MIT Engineers Develop a Digital Fiber
MIT researchers have created the first fiber with digital capabilities, able to sense, store, analyze, and infer activity after being sewn into a shirt.
Yoel Fink, who is a professor in the departments of materials science and engineering and electrical engineering and computer science, a Research Laboratory of Electronics principal investigator, and the senior author on the study, says digital fibers expand the possibilities for fabrics to uncover the context of hidden patterns in the human body that could be used for physical performance monitoring, medical inference, and early disease detection.
Fink and his colleagues describe the features of the digital fiber today in Nature Communications. Until now, electronic fibers have been analog — carrying a continuous electrical signal — rather than digital, where discrete bits of information can be encoded and processed in 0s and 1s.
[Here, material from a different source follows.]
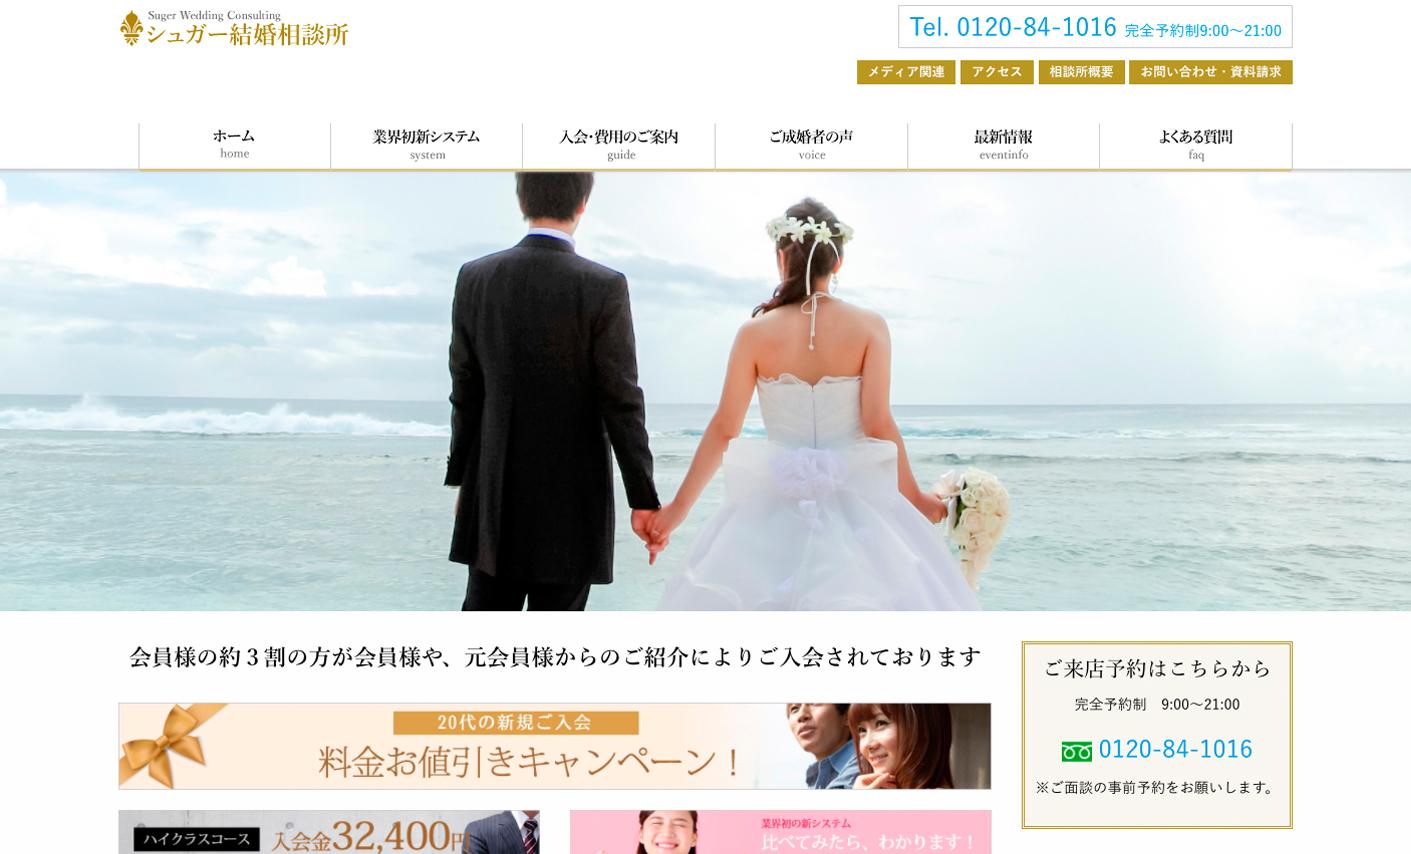 シュガー結婚相談所広島
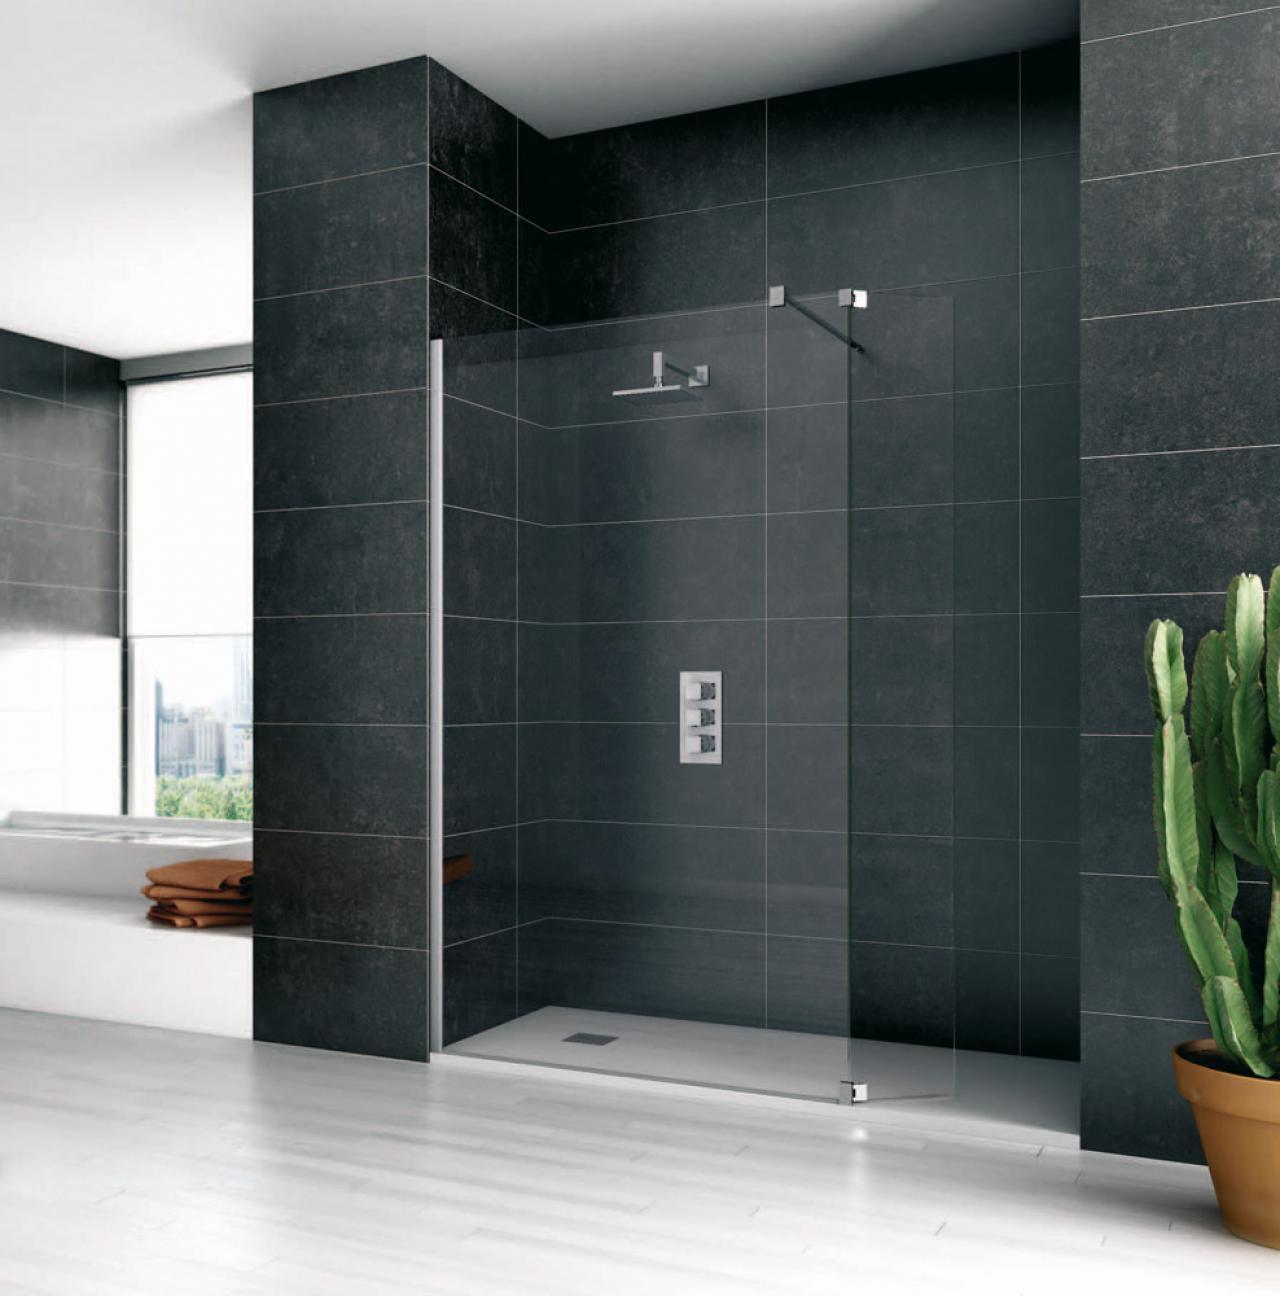 Il vetro nel bagno mobili box doccia accessori for Box doccia tda

The new fiber was created by placing hundreds of square silicon microscale digital chips into a preform that was then used to create a polymer fiber. By precisely controlling the polymer flow, the researchers were able to create a fiber with continuous electrical connection between the chips over a length of tens of meters. The fiber itself is thin and flexible and can be passed through a needle, sewn into fabrics, and washed at least 10 times without breaking down.
“This work presents the first realization of a fabric with the ability to store and process data digitally, adding a new information content dimension to textiles and allowing fabrics to be programmed literally,” Fink said.
The fiber also takes a few steps forward into artificial intelligence by including, within the fiber memory, a neural network of 1,650 connections. After sewing it around the armpit of a shirt, the researchers used the fiber to collect 270 minutes of surface body temperature data from a person wearing the shirt, and analyze how these data corresponded to different physical activities. Trained on these data, the fiber was able to determine with 96% accuracy what activity the person wearing it was engaged in.
Adding an AI component to the fiber further increases its possibilities, the researchers say. Fabrics with digital components can collect a lot of information across the body over time, and these “lush data” are perfect for machine learning algorithms, said Gabriel Loke, a PhD student at MIT and one of the lead authors on the paper.
With this analytic power, the fibers someday could sense and alert people in real-time to health changes like a respiratory decline or an irregular heartbeat, or deliver muscle activation or heart rate data to athletes during training.
The fiber is controlled by a small external device, so the next step will be to design a new chip as a microcontroller that can be connected within the fiber itself.